Zu den englischen Namen lässt sich auch noch einiges erzählen: bleibt die Tradition aus britischen Tagen zwar bestehen, so ist sie trotzdem nicht immer beliebt, weshalb manche dieser Namen im Gesprochenen so verändert, dass sie „weniger englisch“ klingen. So wird ein Paul hier manchmal zum Paulo oder aus Hilda wird Aida (ganz verwirrend!). Genauso gibt es auch bei den Schreibweisen Unstimmigkeiten: Namen wie Laizer sieht man auch mal Laizah geschrieben (was jetzt richtig ist, weiß ich bis heute nicht), was oft mit Unklarheiten in den verschiedenen Dokumenten der Kinder zusammenhängt, in denen die Kinder auch oft unterschiedlich geschrieben werden. Das h bereitet auch hier wieder (wie im letzten Beitrag beschrieben) Probleme: Hildah habe ich so zum Beispiel noch nie gesehen. Übrigens werden hier nicht nur klassische englische Namen vergeben, sondern auch viele mit Bedeutungen: einerseits die christlich angehauchten wie Puritiy, Innocent (von wegen) oder Immaculate (hier mit E am Anfang…), andererseits haben wir hier auch eineN Hillary Clinton. Kann man Hillary zwar auch als Jungennamen nutzen, so ist die Anspielung auf eine Frau hier schon recht deutlich – man wird bei der Namensgebung eben auch mal von den Nachrichten inspiriert. Der Mädchenname, den ich hier übrigens am schönsten finde ist Kamara (vom arabischen Wort für Mond abgeleitet) und bei den Jungs gibt es zwei Brüder mit meiner Meinung nach sehr schönen Kisuaheli Namen: Alikiba und Jabali, welchen ihr schöner findet, müsst ihr für euch entscheiden.
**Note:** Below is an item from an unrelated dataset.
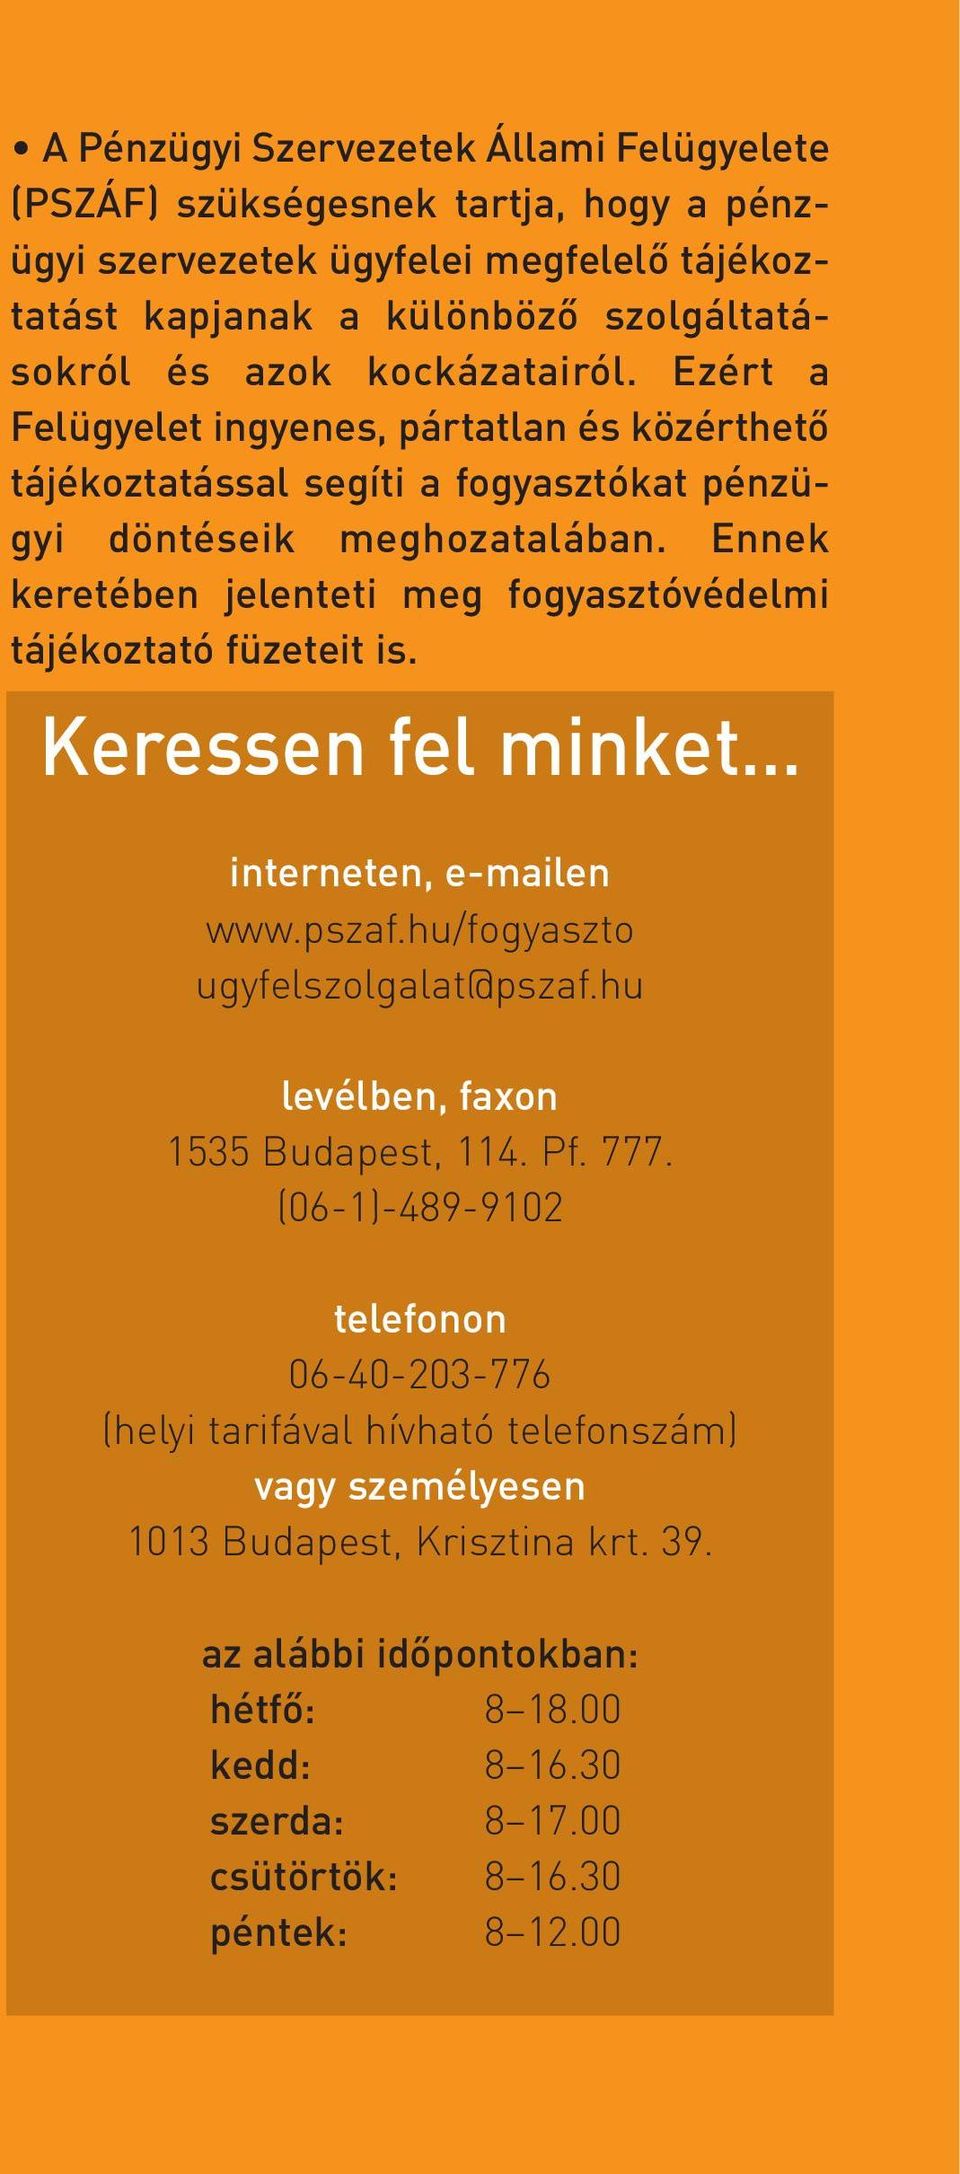 Ennek keretében jelenteti meg fogyasztóvédelmi tájékoztató füzeteit is. Keressen fel minket interneten, e-mailen www.pszaf.hu/fogyaszto ugyfelszolgalat@pszaf.

Zum Abschluss meiner Ausführungen zu Sprachangelegenheiten noch ein paar meiner gesammelten Zitate verschiedenster Menschen hier, die vielleicht auch einen kleinen Eindruck in Denkweisen, Gewohnheiten und die Sprache geben können: Als der erwähnte Erstklässler Jabali zum Beispiel von Ricardo gekitzelt wurde, erklärte er ihm: „I´m your computer!“ und mir erklärte er eines Tages: „You have brown eyes today! All the people of Germany have blue eyes!“ Als ich mit Grace, einer College-Abgängerin, die auf einen Job wartet, etwas aus meinem Zimmer in unserer Wohnung holte, entstand folgende Unterhaltung: „Do you sleep here alone?“ – „Yes.“ – „Ooh, I would be scared!!!“ Und Isaac, einer unserer Clowns, verkündete letztens: „Next year, I will go to Germany!“. Auf die Frage hin, aus welchem Grund er dorthin wollen würde, kam dann: „To eat snack!“ So, jetzt haben wir die Sprachen vorerst abgehakt und ich hoffe, es hat euch gefallen. Nach so vielen themenbezogenen Beitragen ist es hoffentlich legitim, wenn ich euch im nächsten Blogeintrag ereignistechnisch wieder auf den neusten Stand bringe, denn es ist viel passiert!